Aim of the task »
Transcribe the listing verbatim. Do not carry over any pictures.

Data provided »
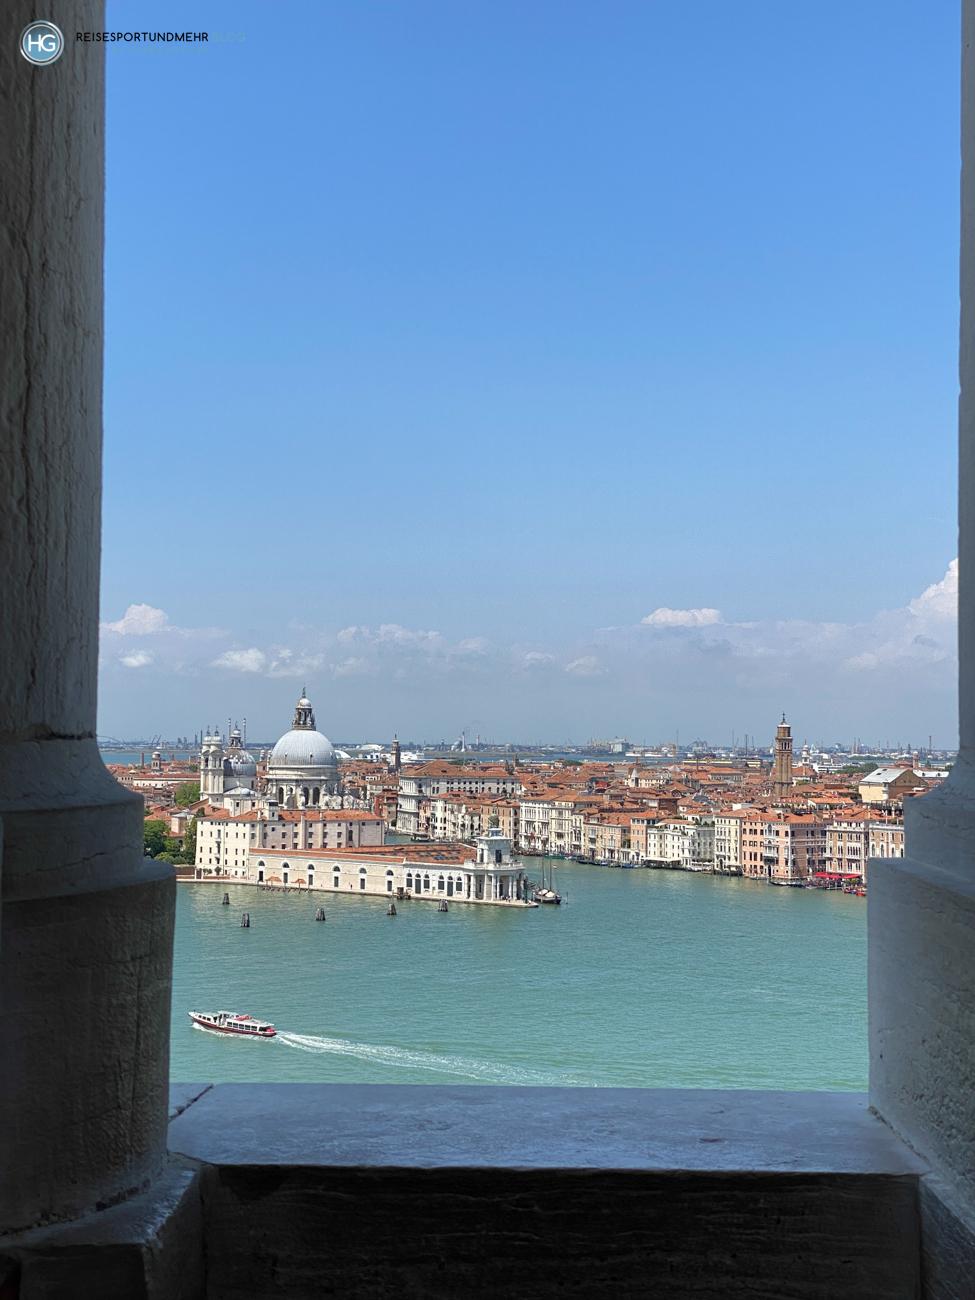 Venedig Pfingsten 2021 - wunderbare Aussicht vom Glockenturm San Giorgio Richtung Santa Maria della Salute (Foto: Hanns Gröner)
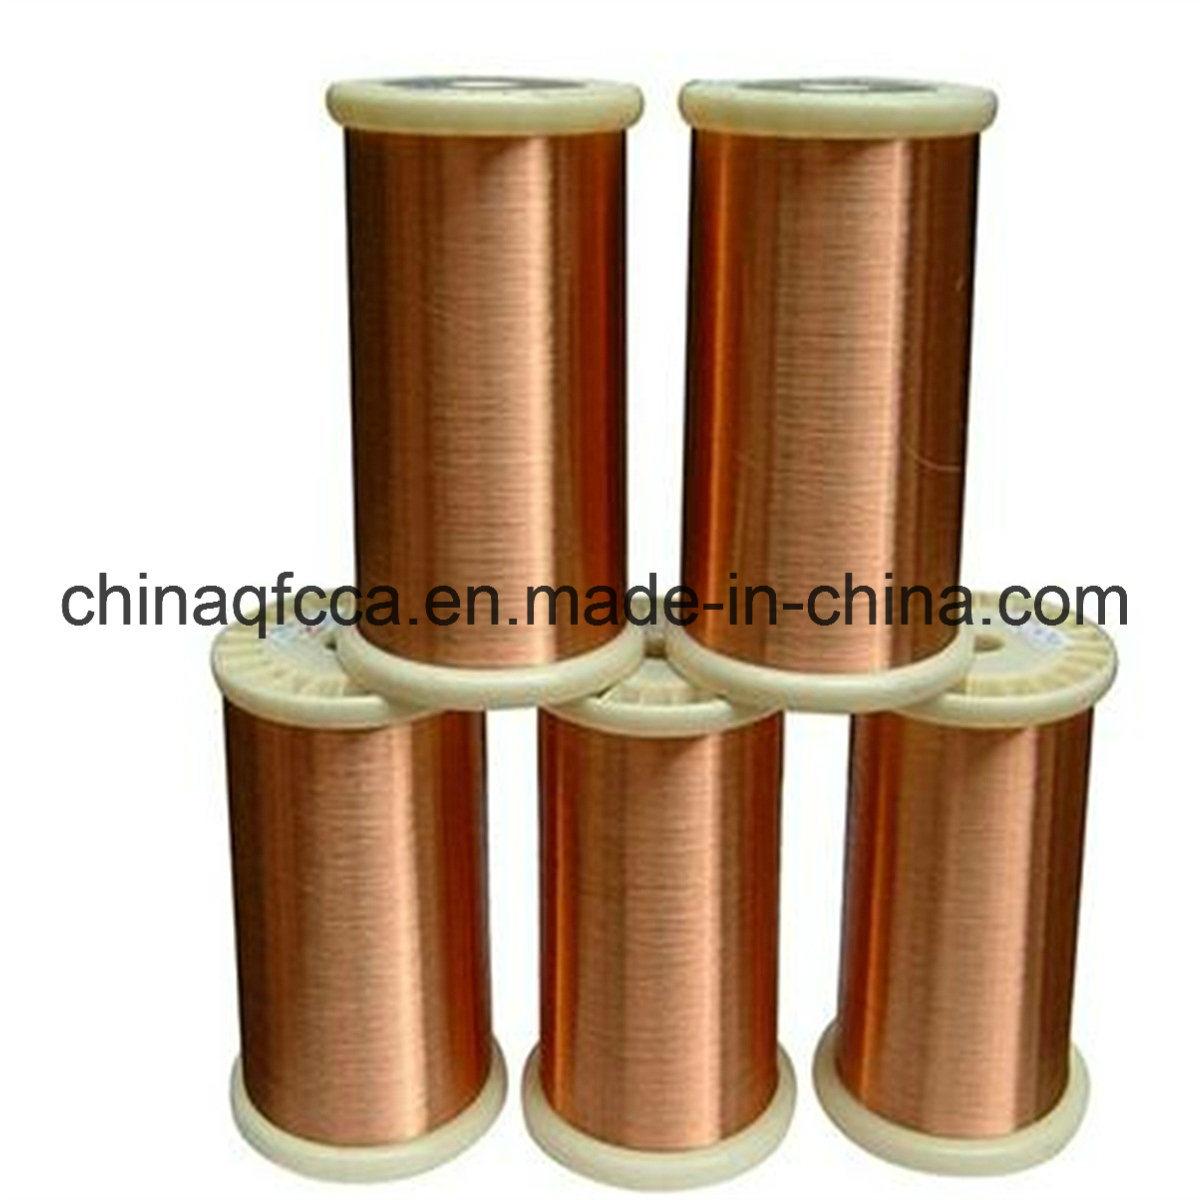 1.15mm Enameled Copper Clad Aluminum Wire (ECCA)
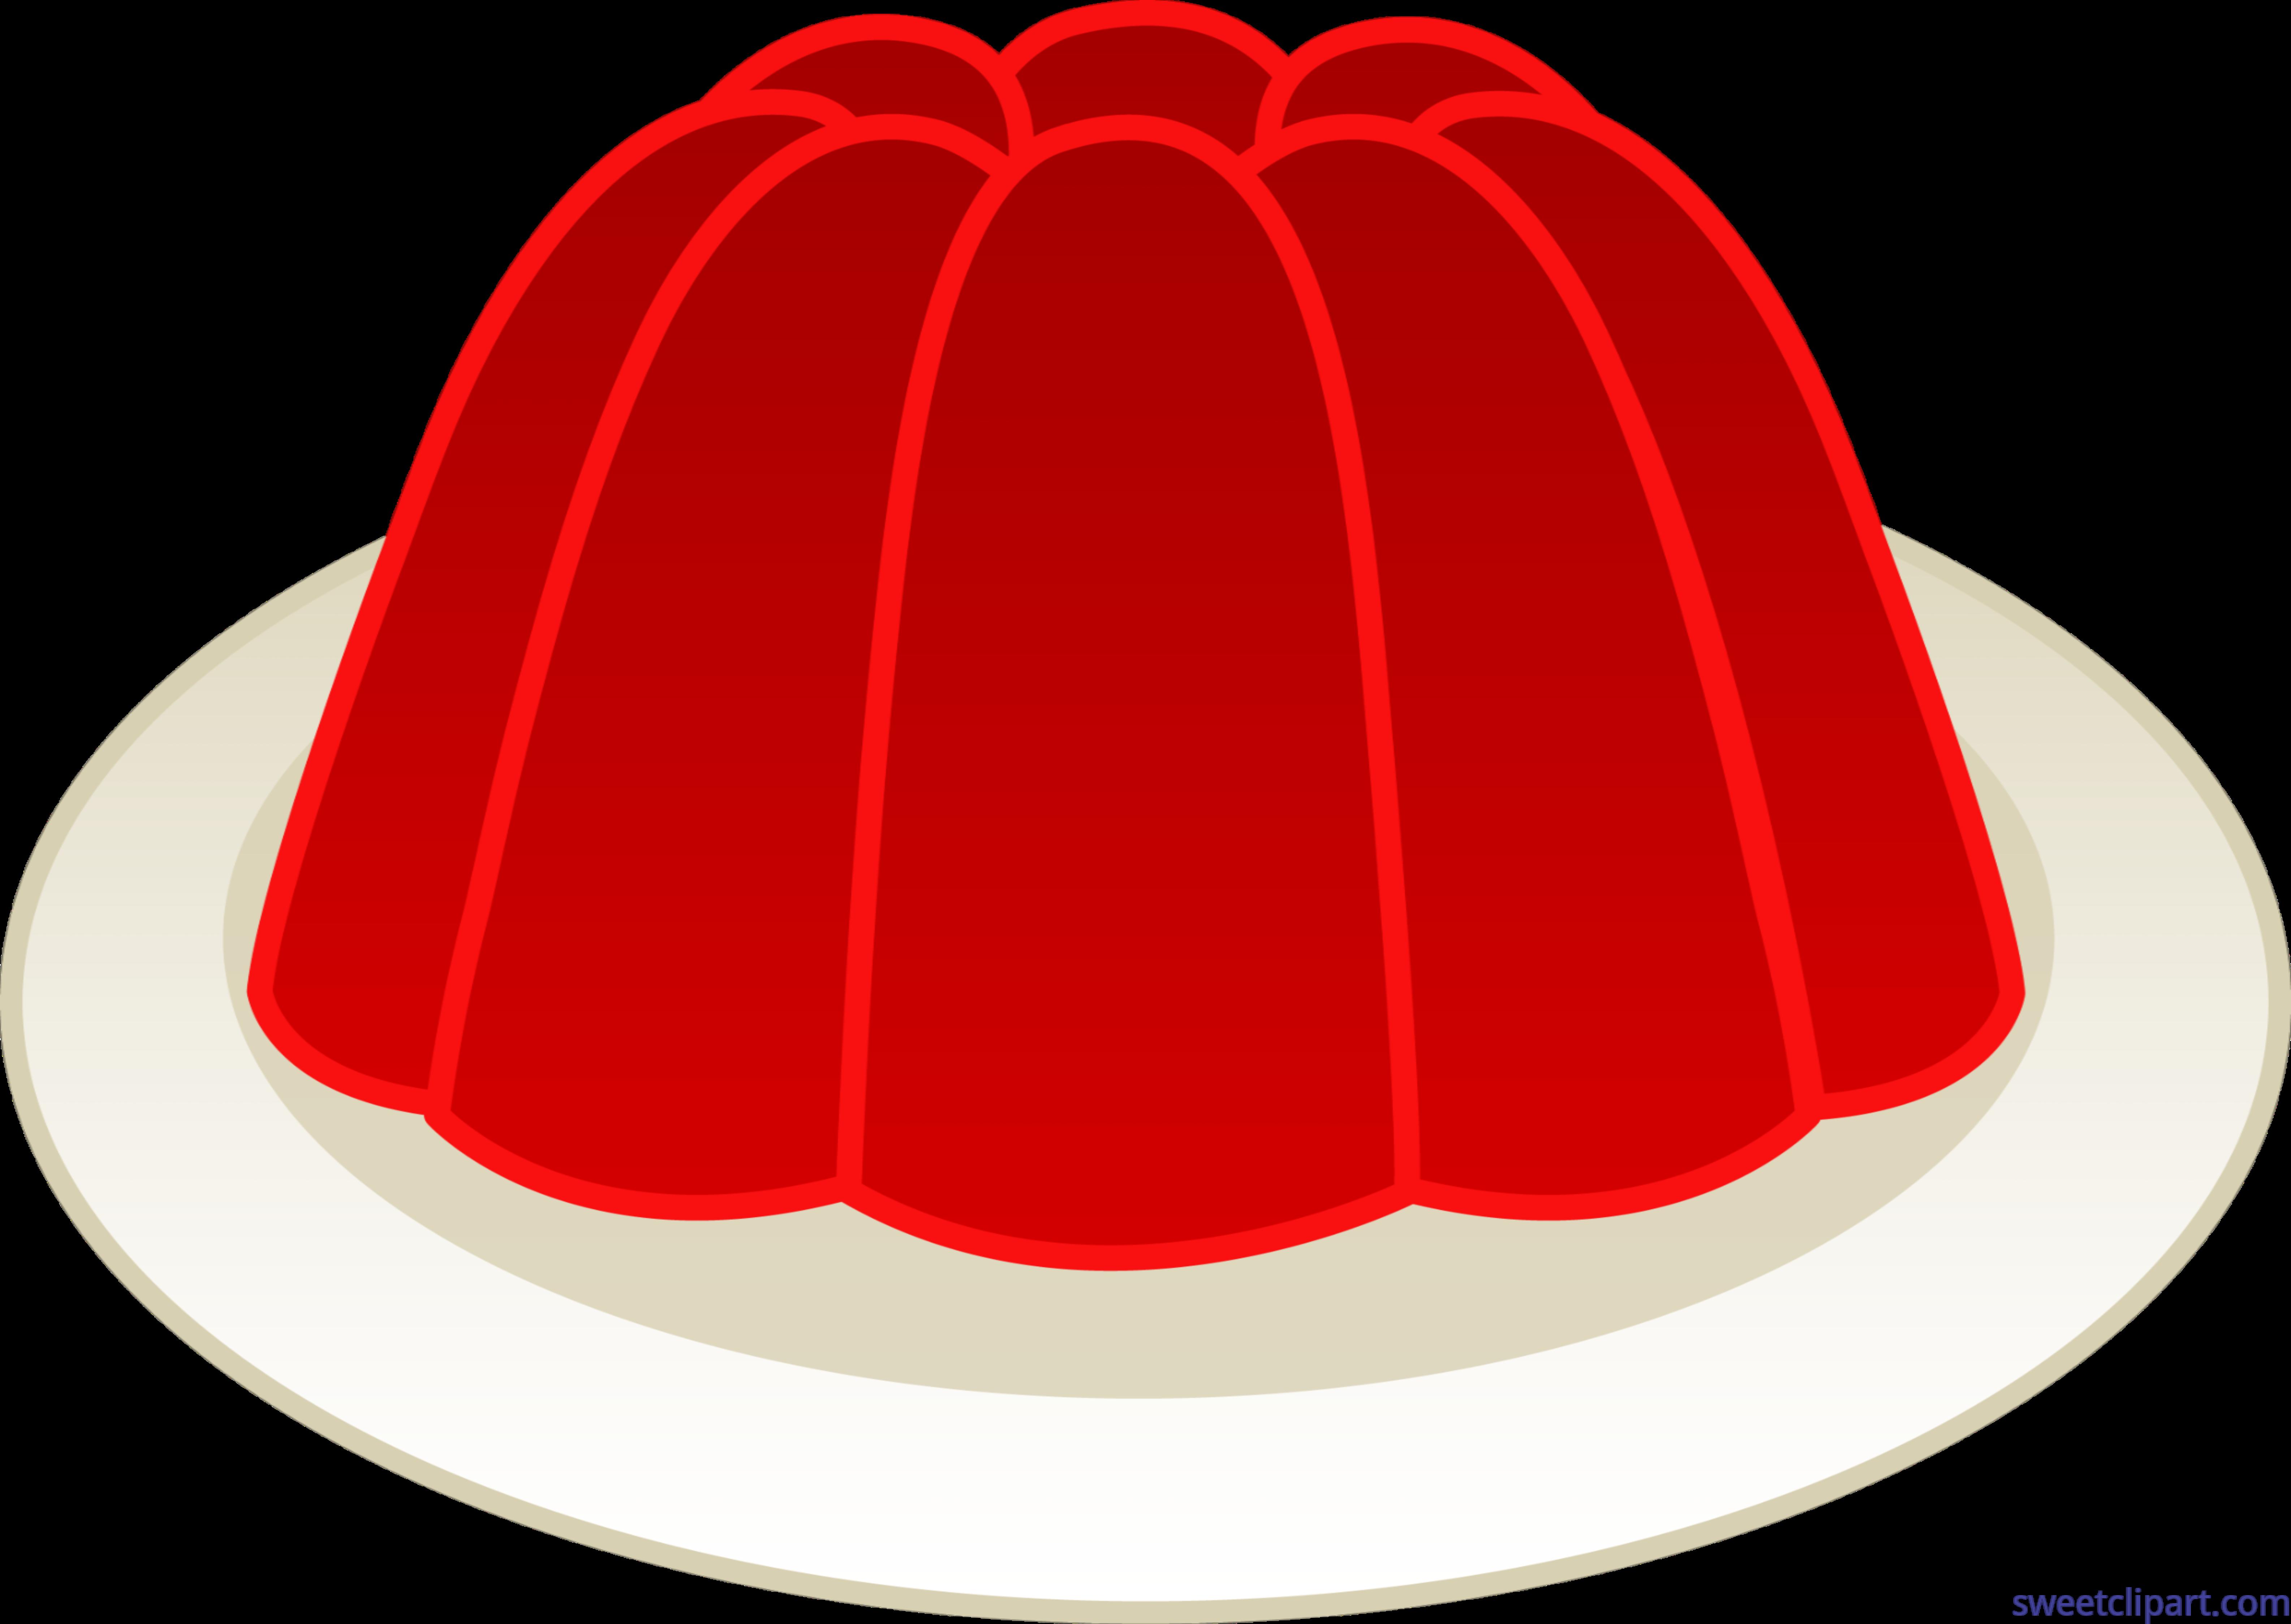 6341x4496 Gelatin Mold Cherry Clip Art
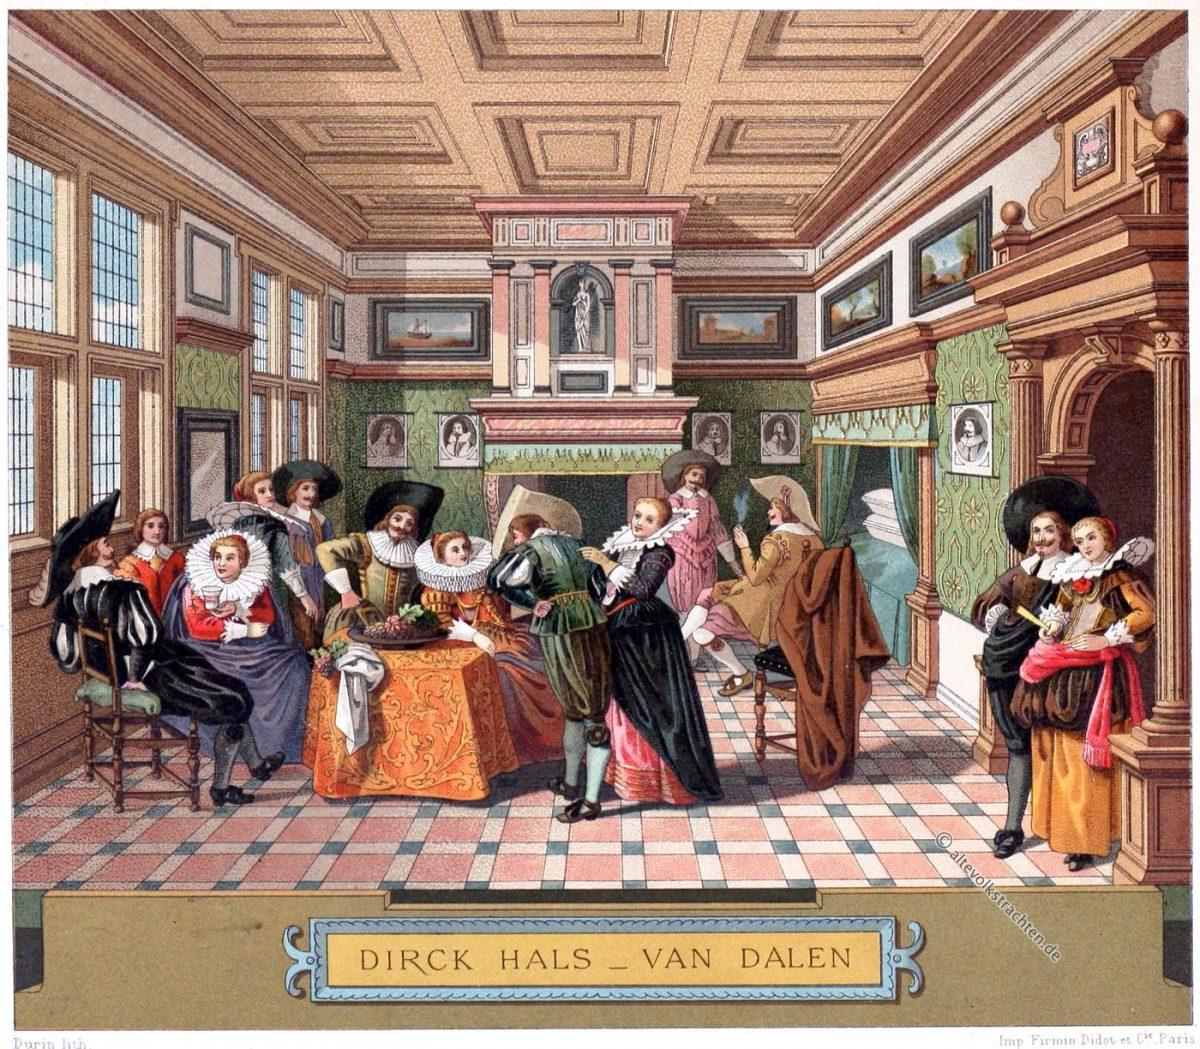 Holland, Niederlande, Barock, Kleidung, Mode, Kostüme, Halskrause, Interieur

Your response »
 Venedig Pfingsten 2021 - wunderbare Aussicht vom Glockenturm San Giorgio Richtung Santa Maria della Salute (Foto: Hanns Gröner)
 1.15mm Enameled Copper Clad Aluminum Wire (ECCA)
 6341x4496 Gelatin Mold Cherry Clip Art
 Holland, Niederlande, Barock, Kleidung, Mode, Kostüme, Halskrause, Interieur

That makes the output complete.